When dad returned from Nam, he was based in San Clemente, California. He moved mom and I out to California and we lived out there til I was about two years old. My very first memory is of going to the beach in San Clemente. I remember going over railroad tracks. Then I remember the beach and watching mom get swallowed up by huge waves, me crying because I thought she was going to drown. I remember my friend--the son of my parents' friends--and playing in the sand with him with my shovels and bucket that I filled with sand. I remember being afraid of crabs in the water. And I probably would have been afraid of the undertoad, if only "The World According to Garp" had been written then.

I guess that something about the war affected my dad. Mom has told us about flashbacks he would have that would cause him to swerve his car out of the way of potholes in the road, thinking they were craters left by exploded artillery. So, as soon as my father had served the required number of years, he left the military and fled back home to Indiana, taking a disappointed mom (who loved California) and myself back with him. At that time, we lived in the city, but dad really wanted to live out in the cornfields where he had grown up as a farm boy. So, by the time I had turned four, dad had moved us out into the Indiana countryside (again, to my mom's disappointment).

If you were to draw lines between Galveston, Young America, and Walton and make a triangle, our rented, two-story white house would have appeared pretty much in the middle of the triangle...surrounded by a gigantic cornfield on all sides out in the middle of nowhere. As a kid, this was the perfect place to grow up. There was lots of room to run and places to hide. My favorite place to explore was always the barn at the edge of the property. If I climbed the hill to its second story, I could enter into the hayloft, where I would often go when I was feeling particularly lonely or sad. Down below, in the lower section of the barn was were the cows had been kept with a side chamber with bizarre metal contraptions in it that apparently held the cows still while they were being milked. I remember swallows nests and spider webs all over this part of the barn, and daddy longlegs insects crawling all over everything.

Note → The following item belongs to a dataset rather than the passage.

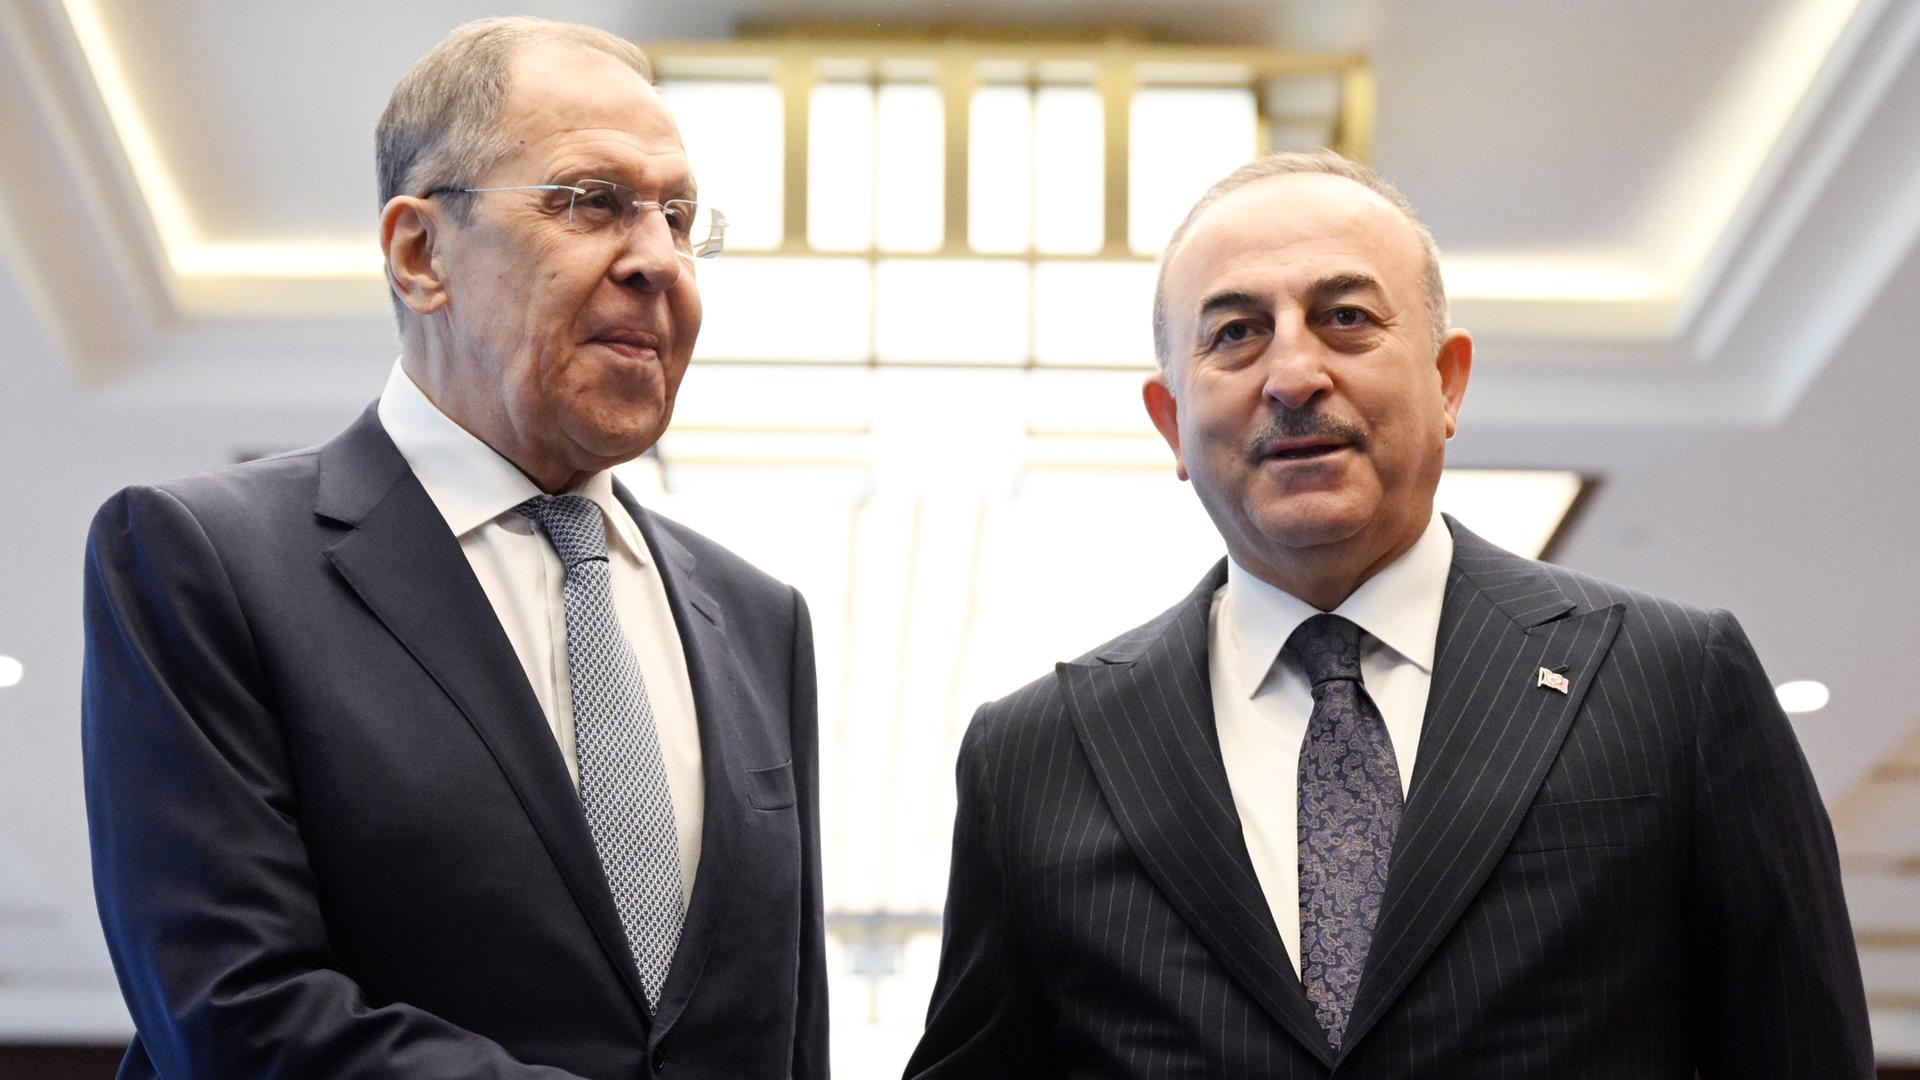 Der russische Außenminister Lawrow steht neben seinem türkischen Kollegen Cavusoglu, sie schütteln sich die Hände und schauen in unterschiedliche Richtungen, beide tragen dunkle Anzüge, weiße Hemden und Krawatten.

It is impossible to describe in words just how great this house out in the country was. I lived there from '74 until my parents' divorce in '78. While my father was away working in the steel mill and my mother inside canning her vegetables and making her jellies and pies, my sis and I would go outside and play for hours. Lunch was never eaten inside, as there were always rhubarb stalks to suck on, plum to pick, apples on the ground, and blackberry seeds stuck in my teeth. Later, when dad came home, often we were out in the yard throwing a baseball around or I was learning how to change my grip when learning how to switch hit.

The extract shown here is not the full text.